This thread is somewhat of a continuation of the discussion started here. As the original question of the linked thread (“Why doesn’t overlapping work here?”) has been answered a while ago, I suppose it’s reasonible to switch to a new thread.
So, for anybody new coming in, I’ll quickly sum up what this is about:
I’m exploring the workflow and benefits of CUDA for my company. To do that, I’m developing a proof of concept programme calculating the positioning of several (millions of) geometrical points relative to a polyline (“point in poly”). The ultimate goal will be to compare the performance of the CUDA version of this programme with the same operations running in parallel on the CPU.

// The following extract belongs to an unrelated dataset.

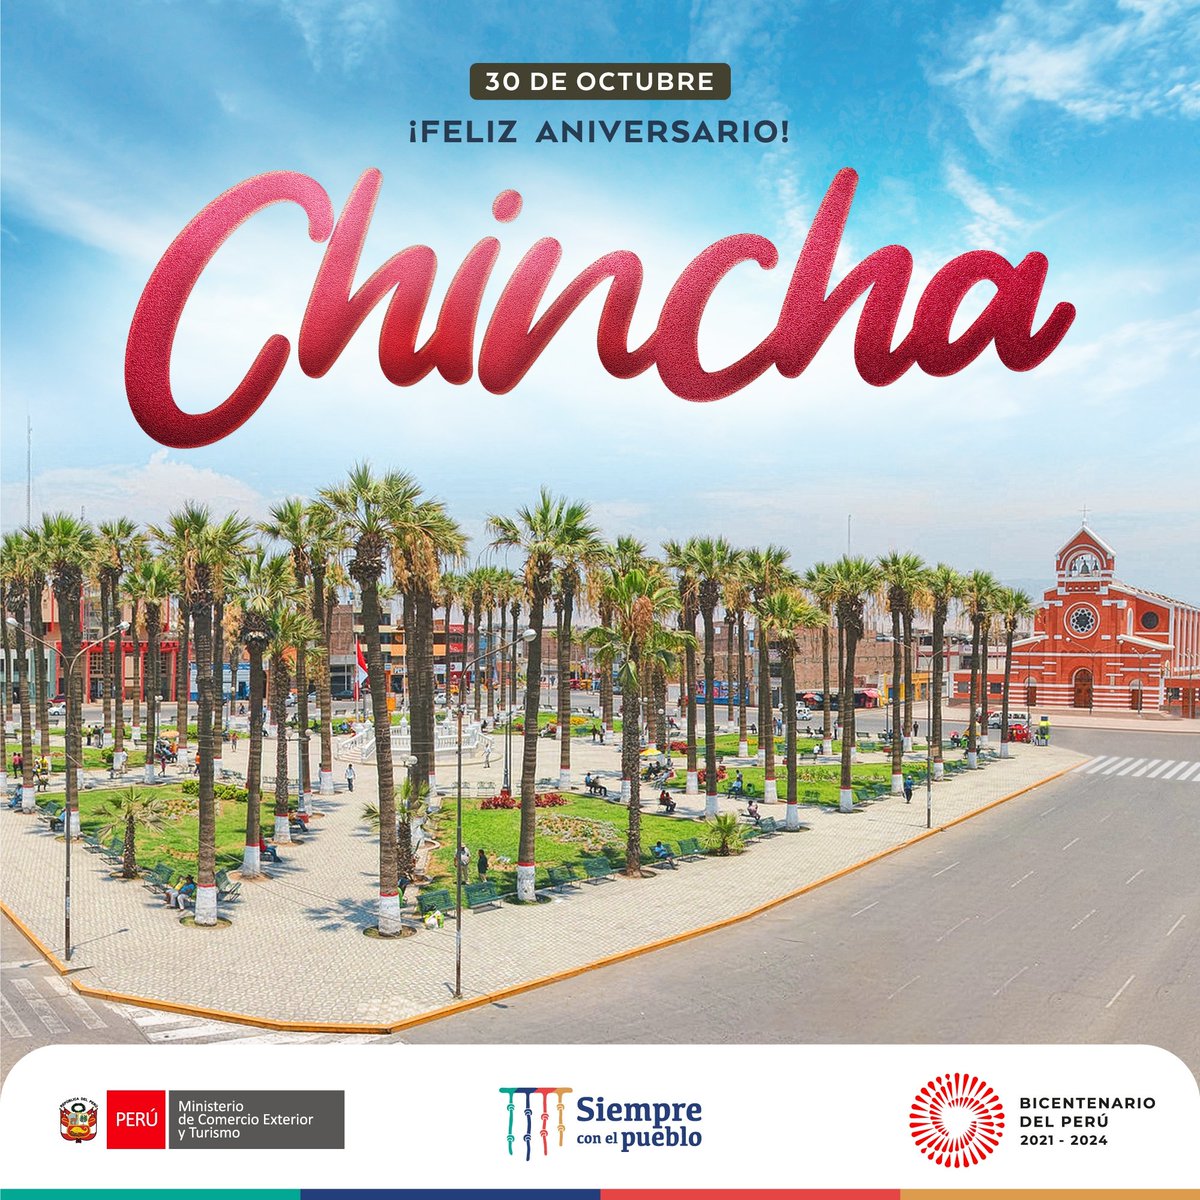 🎉¡Feliz aniversario Chincha! Esta hermosa provincia, cuna de la cultura afroperuana celebra a lo grande su 154° aniversario. Goza con su sabrosa gastronomía, contagiante música, danzas y tradiciones.✨ ¡Vamos pa’ #Chincha familia!👏🤩

The current status is that I have two different versions of the programme: One is using cudaMemcpyAsync
with pinned memory and several streams in order to take advantage of overlapping data transfers and computation. Because this does not seem to work as expected under Windows (while it does under Ubuntu), I have a second version, using custom copy kernels with pinned memory. Here, overlapping copying and computation works.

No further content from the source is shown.